One sip told me I had made a big mistake. I spit the disgusting mouthful into the sink and grabbed the carton of creamer from the counter. I groaned as I took a good look at it− egg substitute. I dumped the rest of my mug away, placed the offending product back in the refrigerator, double checked to make sure the next carton I picked up was half-and-half, and made up a new cup of coffee.

I thought about what happened as I returned to my Bible. If we’re not paying attention we can easily allow the wrong things to slip into our minds and hearts. Being a disciple of Christ doesn’t mean we can go through the motions of Christianity, it means being vigilant in all areas of life so we don’t find ourselves in compromising situations. But if we do stumble, we can pour our mistakes out to God. He is always willing to let us try again.

And note to self: Have my husband make the coffee when I’m tired.

Mind the Gap

October 21, 2020 by  
Filed under Humor, Stories

By Kim Stokely –

Is it just my kids, or do others recall the oddest things from family vacations? We take them to Disney World and they don’t talk about rollercoaster rides or Mickey Mouse, but hotel pools and getting wet in the rain. And if you ask my children what they remember most from their vacation to England several years ago, they’ll probably laugh and tell you to, “Mind the gap!”

If you press them they’ll tell you about Stonehenge and the Tower of London, but the thing that stands out most in their minds is the ever present, disembodied voice on the tube (the underground train) telling passengers to “mind the gap” at every station. The gap is the space between the train car and the platform, sometimes several inches wide. As the rattling subway approached the station, a proper British voice, like an invisible, yet vigilant sentinel, would call out its warning and we’d laugh, repeating it to each other as we jumped off the car to go sightseeing.

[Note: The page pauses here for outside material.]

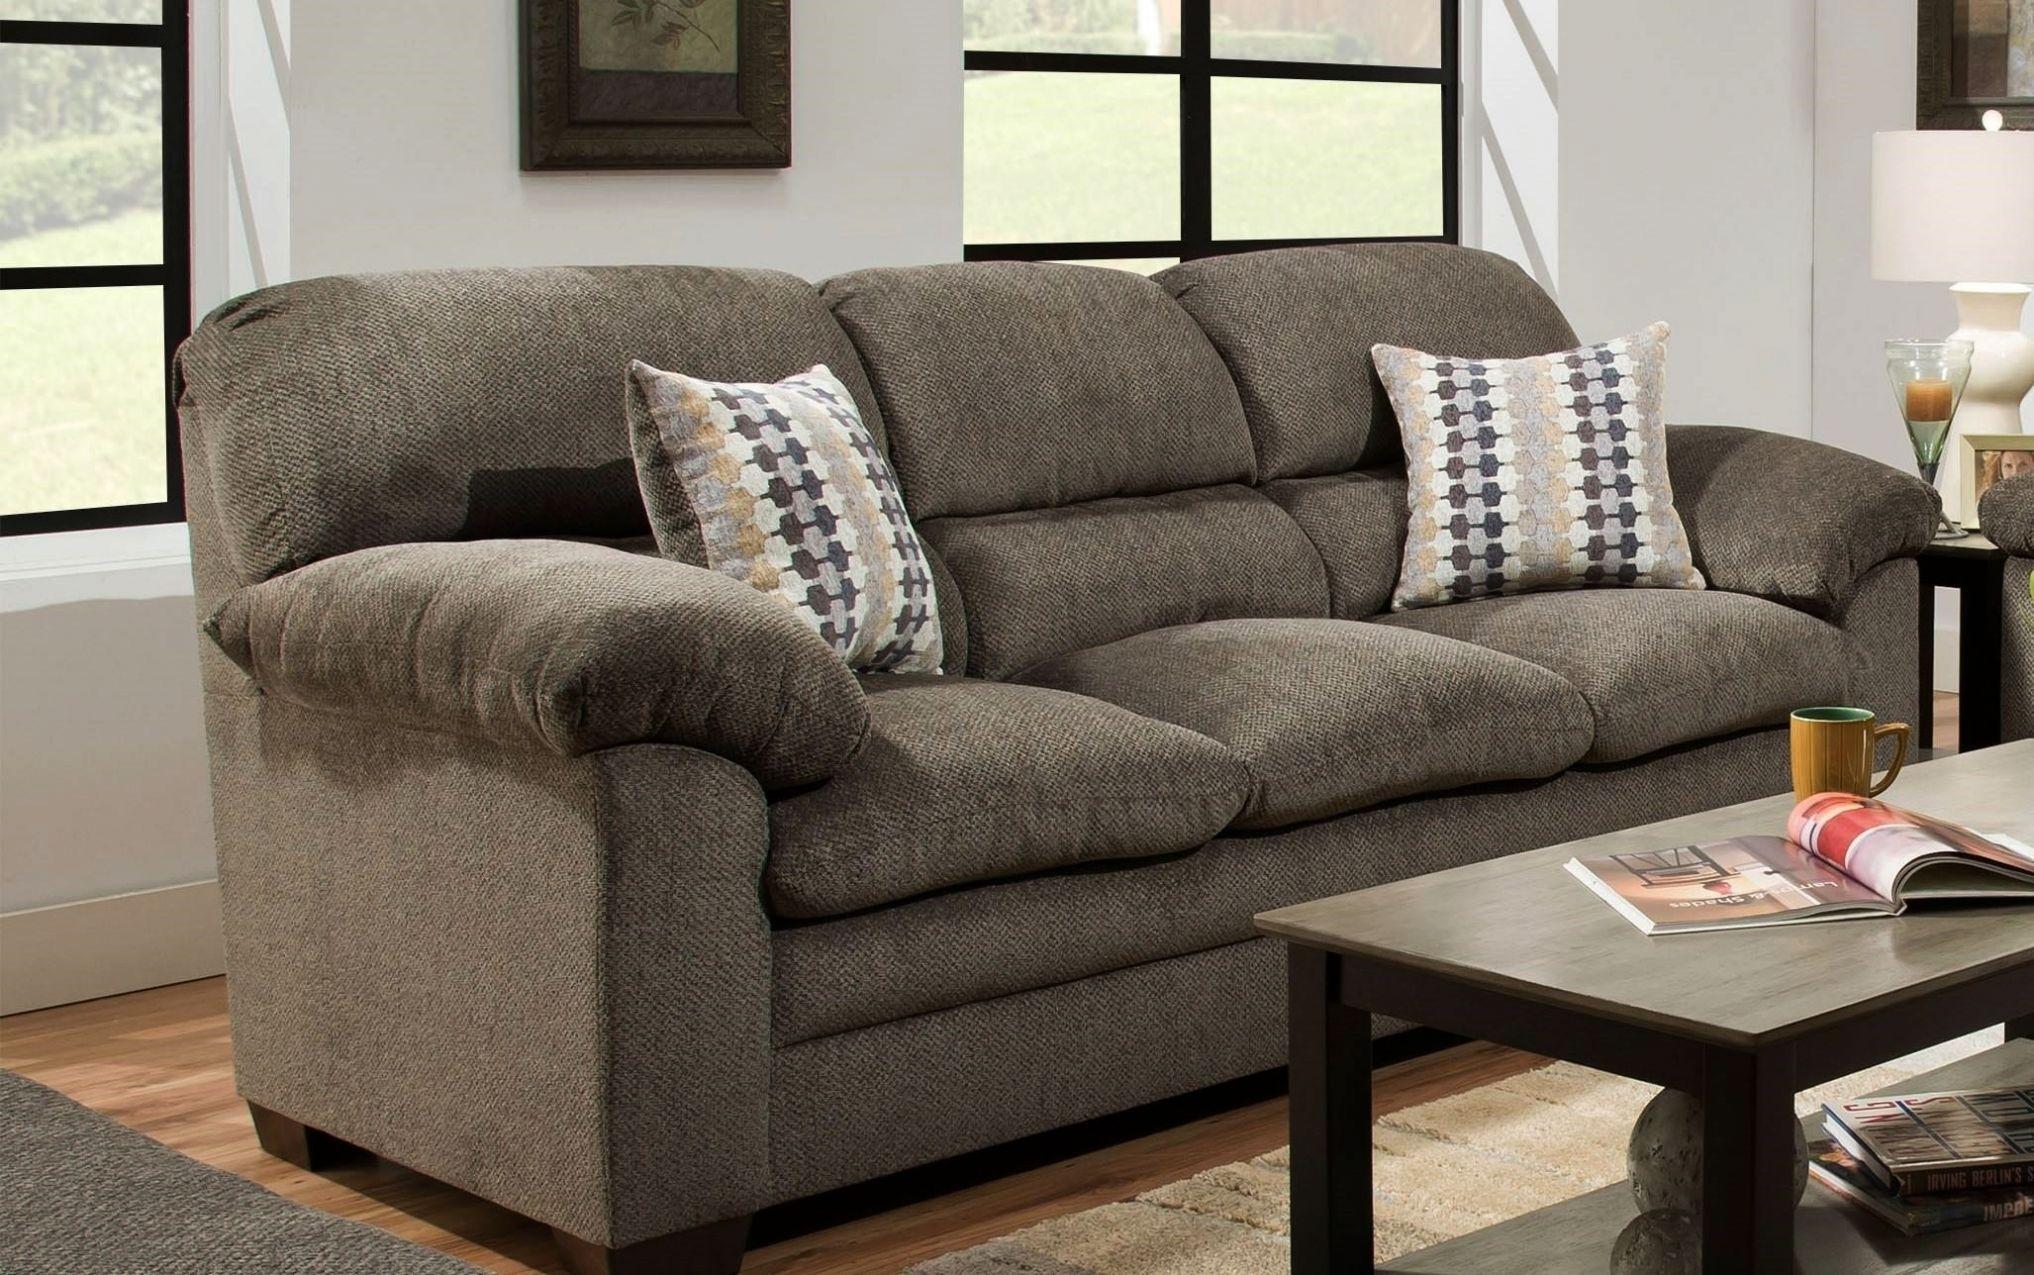 Furniture Fair Goldsboro Nc United Furniture Industries
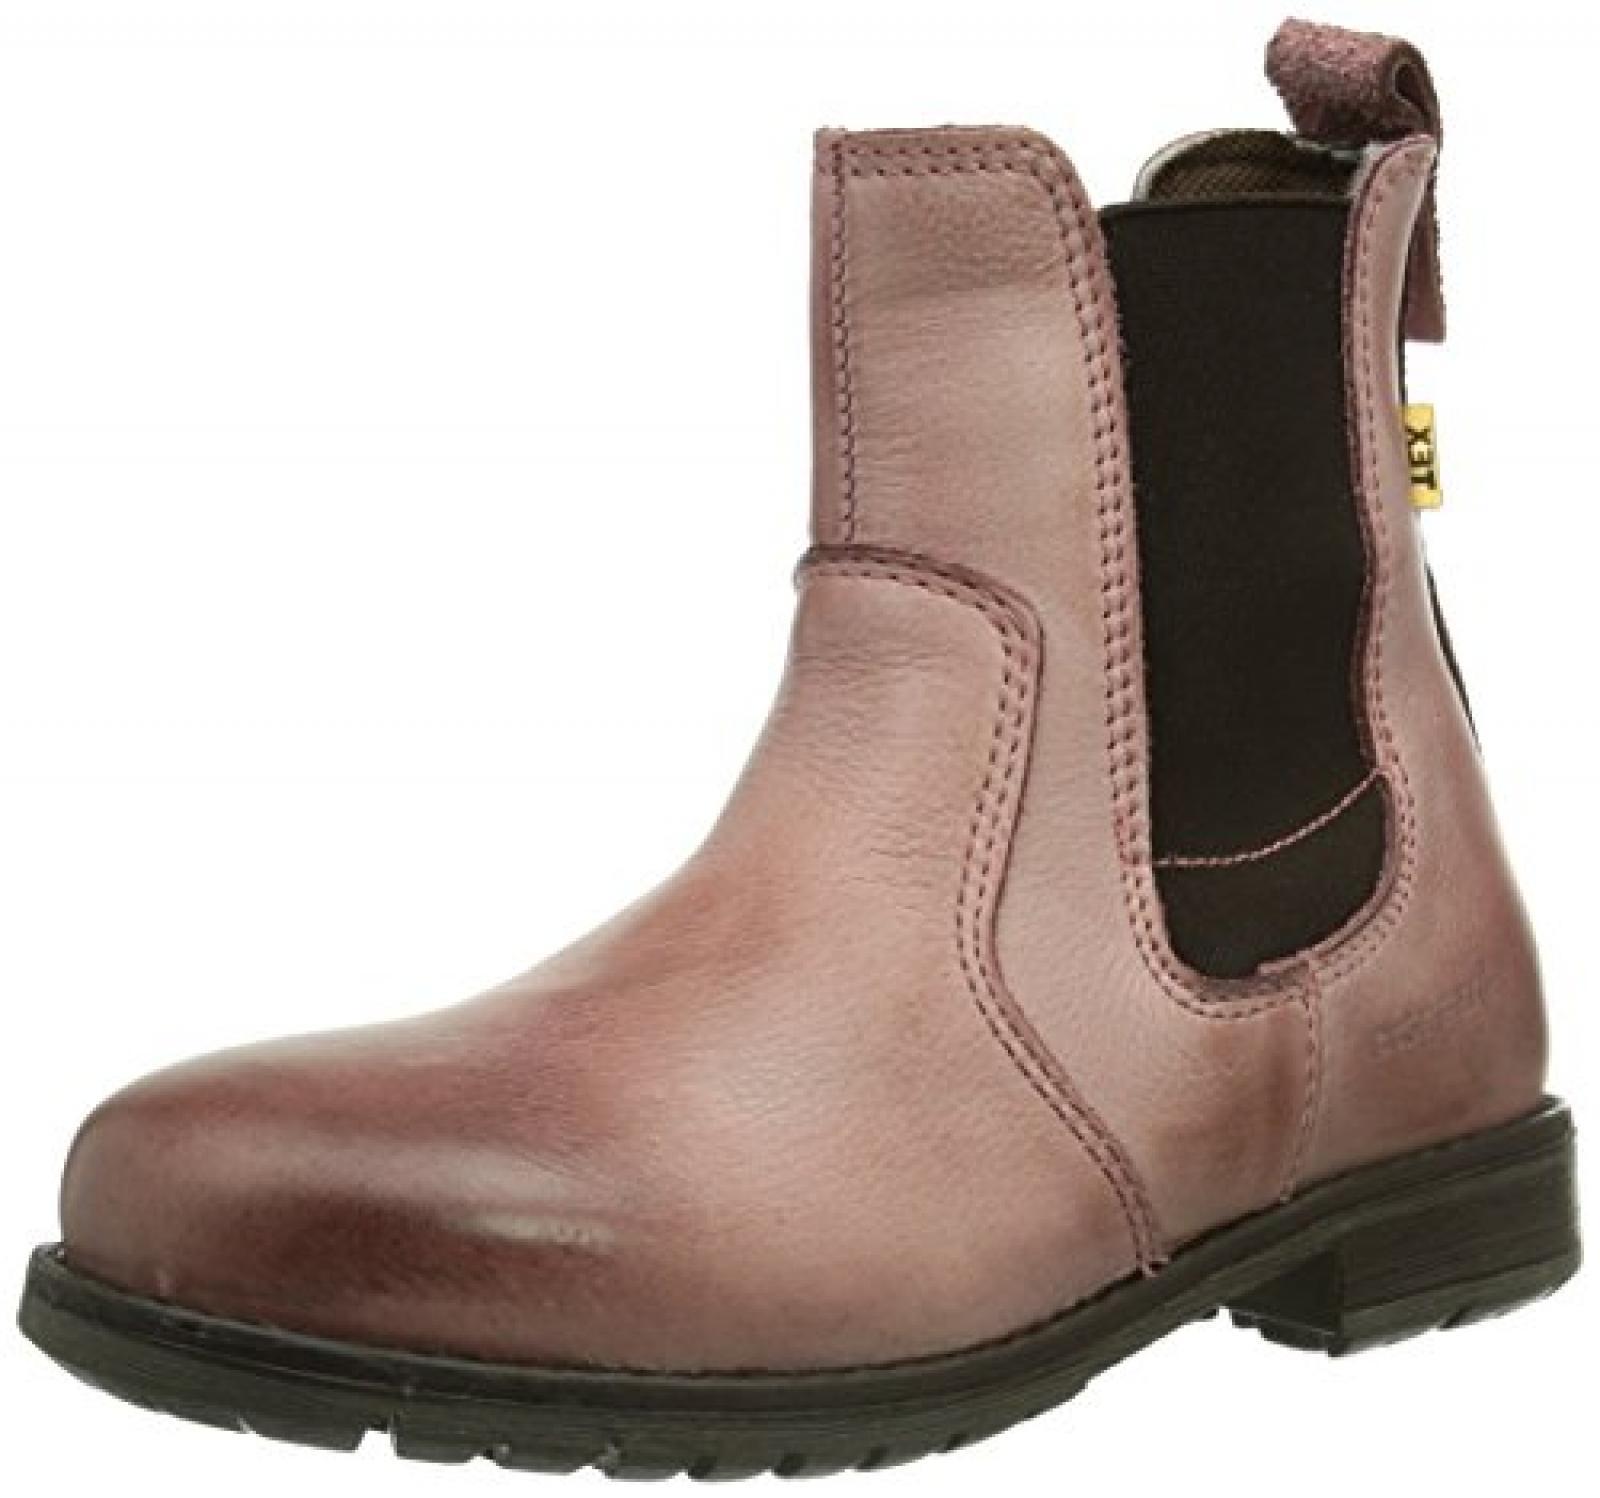 Bisgaard Stiefel mit Tex/Wolle Unisex-Kinder Chelsea Boots

Even with the cautioning voice, we saw several people trip as their foot got caught in the gap. They’d stumble, but manage to right themselves, before they fell. I must confess to a little self-righteous judgment when I saw them. If they’d only paid attention, they’d have been fine. The funny thing is, most of the people we saw trip weren’t obvious tourists, like my family, but Londoners who more than likely ride the tube every day. People for whom the journey had become routine. They didn’t hear the warning because of being caught up in their own thoughts and worries about the day.

I wonder how often it is that I ignore God’s reminders to “mind the gap?” I may not hear a voice with a British accent cautioning me, but I know there are daily signs He gives me to keep me in His will. And yet I, like those passengers on the subway, often get so focused on my own little world and the hurried pace of the day, that I find my foot caught in the gap (or sometimes planted solidly in my mouth) and I end up sprawled in sin or just consumed by needless angst. Psalm 119:105 tells us, “Your word is a lamp to my feet and a light for my path” (NLT). It can also be that still, small voice that reminds us daily to “mind the gap!”